Viewable With Any Browser Your vote? I Disagree I Agree

Sendmail/Postfix Milters in Python

by Jim Niemira and Stuart D. Gathman
This web page is written by Stuart D. Gathman
and
originally sponsored by Business Management Systems, Inc.
(see LICENSE for copying permissions for this documentation)
Last updated Jul 11, 2015

Maxwell's Daemon: pymilter mascot Mascot by students of Christian Hafner See the FAQ | Download now | Support | Overview

Sendmail introduced a new API beginning with version 8.10 - libmilter. Sendmail 8.12 officially released libmilter. Version 8.12 seems to be more robust, and includes new privilege separation features to enhance security. Even better, sendmail 8.13 supports socket maps, which makes pysrs much more efficient and secure. Sendmail 8.14 finally supports modifying MAIL FROM via the milter API, and a data callback allowing spam to be rejected before beginning the DATA phase (even after accepting some recipients).
A Python Pymilter provides a milter module for Python that implements a python interface to libmilter exploiting all its features.
A Postmark Now Postfix also implements the milter protocol, and you can program SMTP time filters for Postfix in Python.

What's New

  • pymilter 1.0 removes the start.sh glue script. EL6 RPMs for packages using pymilter (milter,pysrs,pygossip) now use daemonize as a replacement. ACCEPT is supported as an untrapped exception policy. An optional dir for getaddrset and getaddrdict in Milter.config supports moving some clutter. Untrapped exceptions now report the registered milter name. An selinux subpackage is include for EL6. Provide sqlite support for greylisting, and Milter.greylist export and Milter.greysql import to migrate data.
  • pyspf 2.0.9 adds a new test suite and support for RFC 7208, the official (non-experimental) RFC for SPF.
  • pyspf 2.0.8 adds much improved python3 support. All test suites now pass with python3 and py3dns. SPF records are restricted to 7-bit ascii. But some people try to use an extended set anyway, crashing pyspf. We now return PermError for non-ascii SPF records. IP address parsing and arithmetic is now handled by the ipaddr (ipaddress in python3) module. I fixed a bug caused by a null CNAME in cache.
  • milter 0.8.18 adds test cases and SMTP AUTH policies in sendmail access for spf-milter.
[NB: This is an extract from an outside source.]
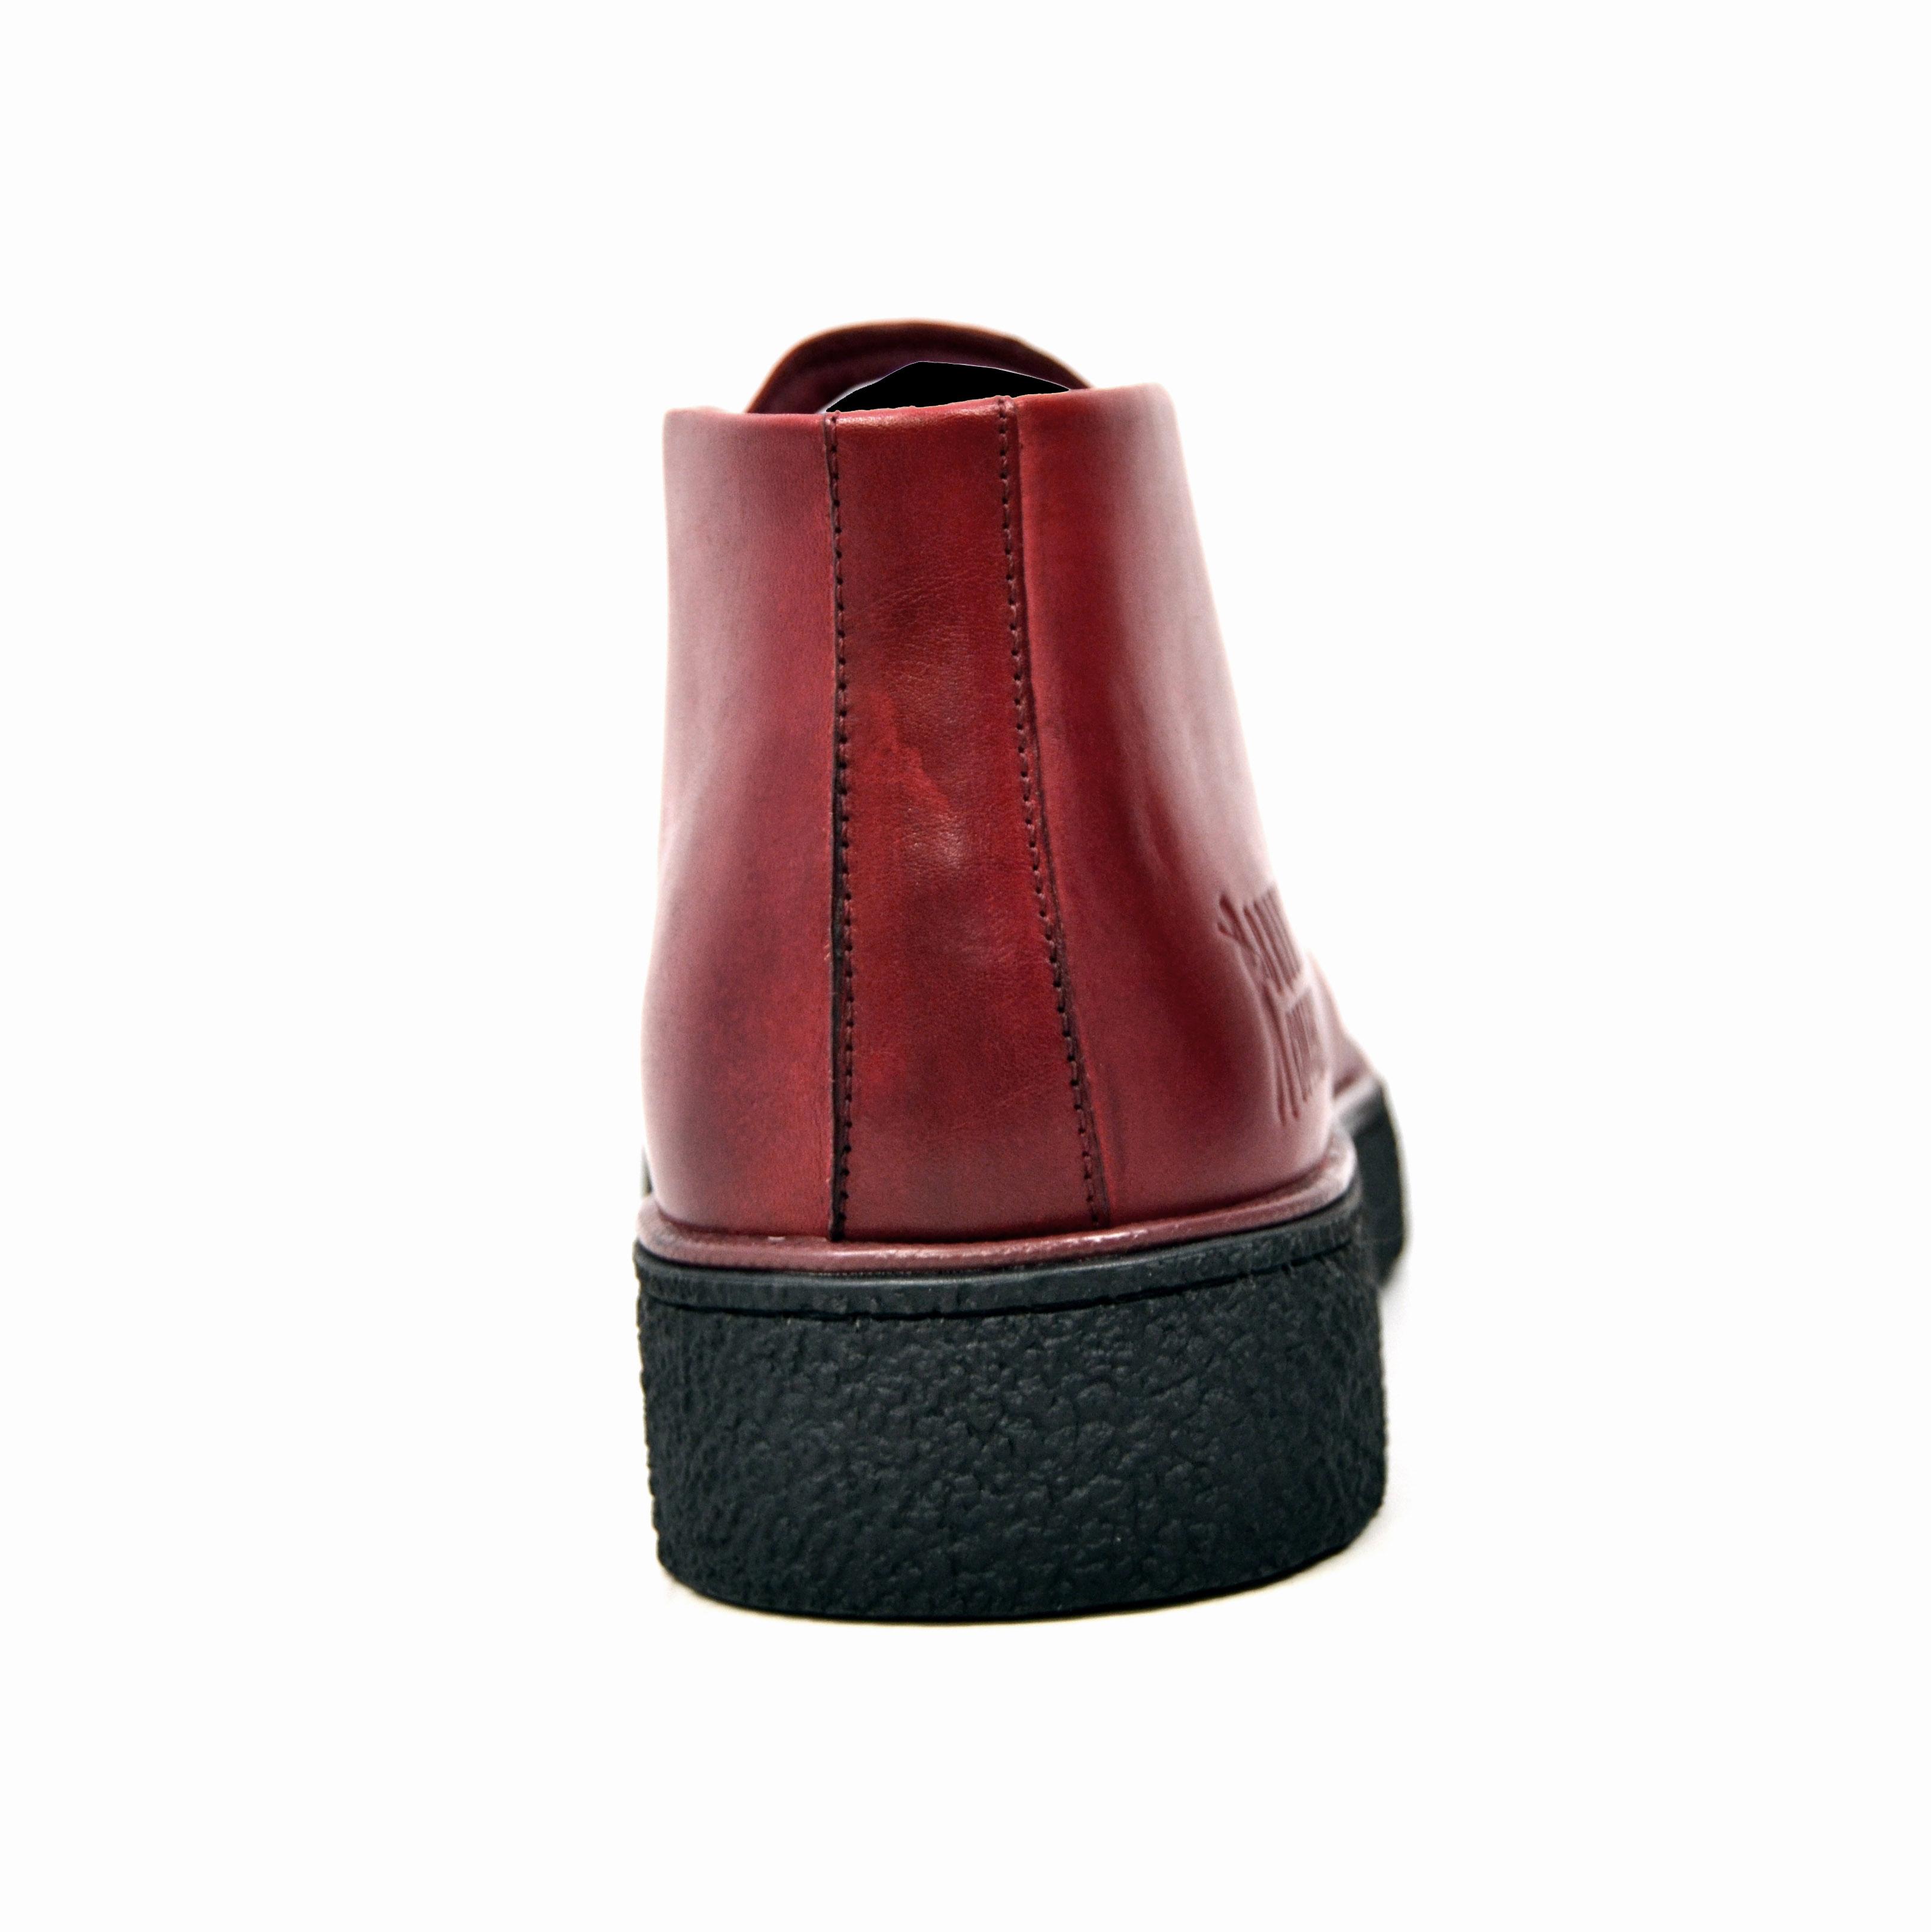 88e66e7c49 Classic Playboy Chukka Boot Wine Leather  1226-7  -  99.99   British ...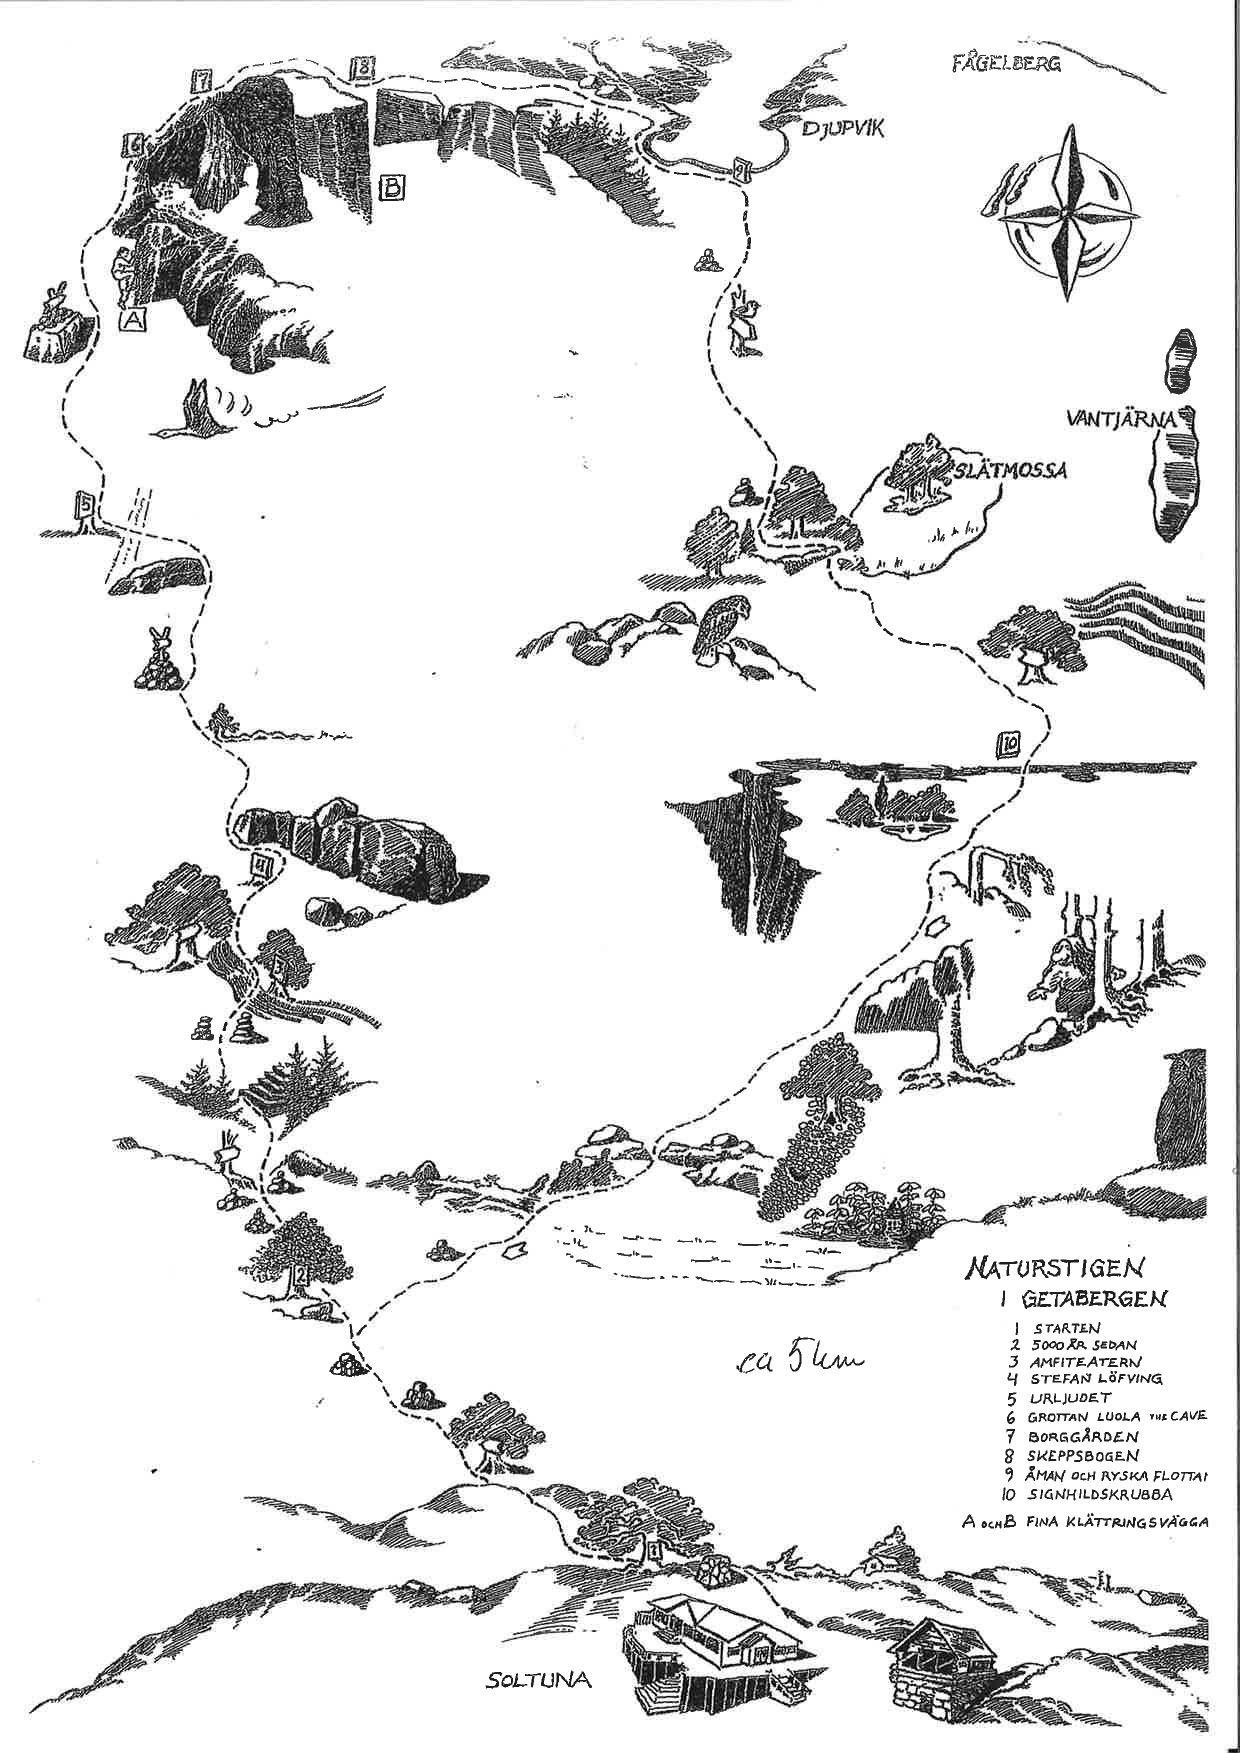 Grottstigen – Naturstigen i Getabergen

You can now also configure an untrapped exception policy for spf-milter, and it rejects numeric HELO. For the bms milter, from words can be in a file, and you can use the BAN feature for configured public email providers like gmail and yahoo - it bans the mailbox rather than the entire domain.
  • pymilter 0.9.8 adds a test modules for unit testing milters. It fixes a typo that prevented setsymlist from actually working all these years (misspelled as setsmlist). The untrapped exception message is changed to "pymilter: untrapped exception in milter app".
  • milter 0.8.17 reports keysize of DKIM signatures, adds a simple DKIM milter, and DKIM policies in the sendmail access file. It also broke spf-milter for people using SMTP AUTH - sorry guys!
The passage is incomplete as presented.